İyidoğan, aşıklık geleneğinin son büyük temsilcilerinden Aşık Veysel'in bağlamasının atölyesine geliş hikayesini ise şöyle anlattı:
"İlk olarak, yaklaşık 110 yıllık bir geçmişi olan Aşık Veysel'in sazı bana ulaştı. Yaşlı bir amcamız getirmişti, 'bu rahmetli amcamın (Aşık Veysel) sazıdır, Aşık Veysel bu sazı uzun yıllar çaldı daha sonra babama hediye etti, benim torunum da bunu çalamıyor bunun yerine bana dut oyması ver ben de bunu size vereyim' dedi. Ben de amcanın istediği bağlamayı verdim ama bana verilen sazı 2 yıl boyunca kılıfından çıkartmaya cesaret edemedim. Daha sonra açtım bir baktım bağırsak telleri vardı, sazın sesi çok güzeldi. Aşık Veysel'in sesinin bu bağlamada olduğunu düşünüyorsunuz. Bu bende ayrı bir heyecan yarattı ve ilk bağlamamı da almış oldum. Tabii bunun Aşık Veysel'in olması bende ayrı bir mutluluk oluşturdu."

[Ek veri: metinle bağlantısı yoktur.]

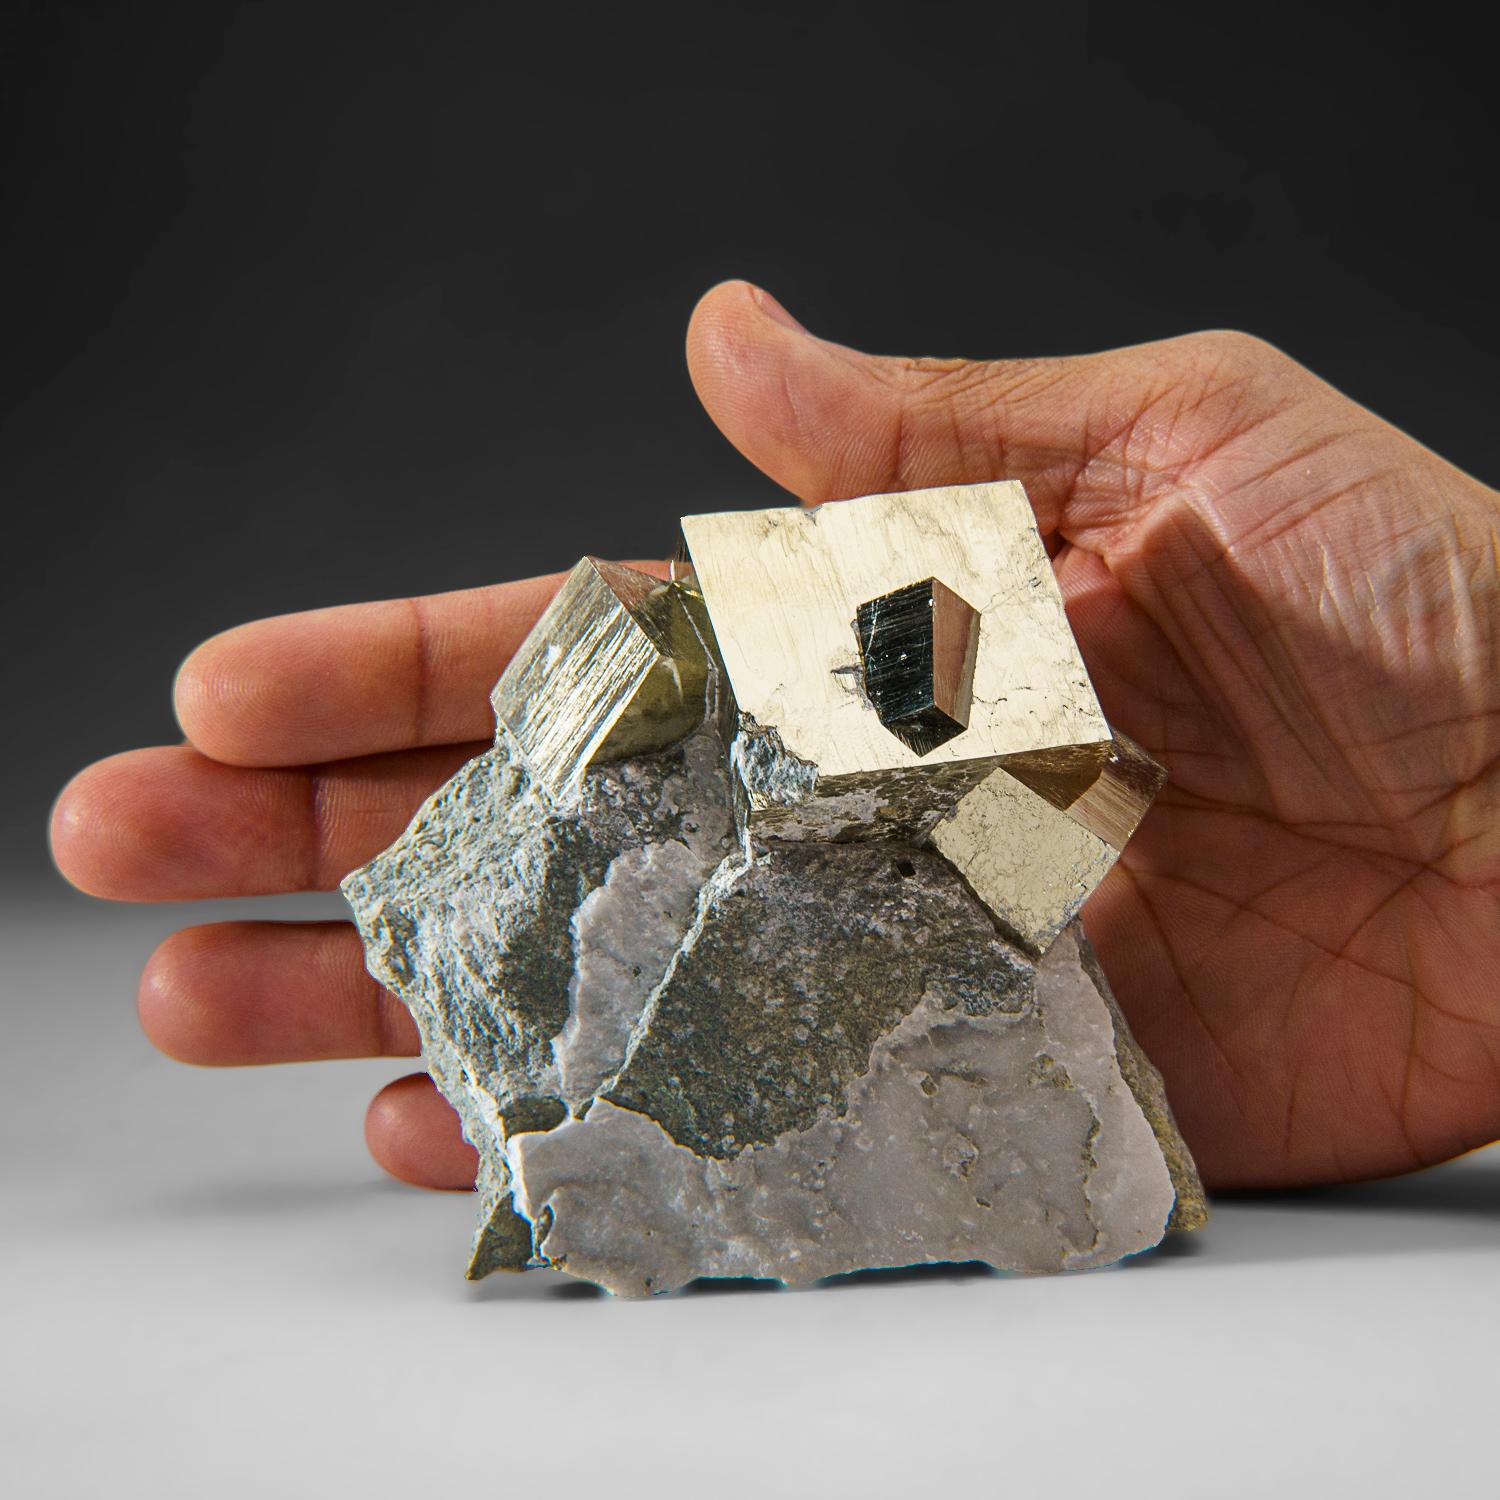 Spanish Pyrite Cube on Basalt from Navajún, La Rioja Province, Spain (1.2 lbs) For Sale

Eski sazları gördükçe daha da hevesli çaldığına değinen İyidoğan, atölyesindeki en eski bağlamanın 400 yıllık geçmişi olduğunu, Tunceli'den gelen bu sazın kime ait olduğunu tespit edemediğini kaydetti.
İyidoğan, ABD, İngiltere, Hollanda, Almanya ve Fransa gibi ülkelerden eski sazları görmeye gelenler olduğunu, en çok Aşık Veysel'in sazının merak edildiğini söyledi.
Eski bağlamalarla konser veriyor
Şentürk İyidoğan, atölyesinde muhafaza ettiği Aşık Veysel, Aşık Davut Sulari ve Müslüm Ağbaba gibi ünlü halk ozanlarına ait bağlamalarla onların eserlerini seslendirerek zaman zaman konser veriyor.
Eski sazların bir köşeye bırakılıp susturulmaması gerektiğini dile getiren İyidoğan, "Sazlara gözüm gibi bakıyorum, onları bir köşeye bırakmadım, onları zaman zaman çalıyorum. Bu sazlarla konser de veriyorum, tellerini değiştiriyorum ama orijinalliğini bozmuyorum, mesela perdesine dokunmuyorum. Aşık Veysel, Aşık Davut Sulari ve Müslüm Ağbaba'nın sazına elimi vurduğum zaman içime bir sıcaklık oluşuyor" ifadelerini kullandı.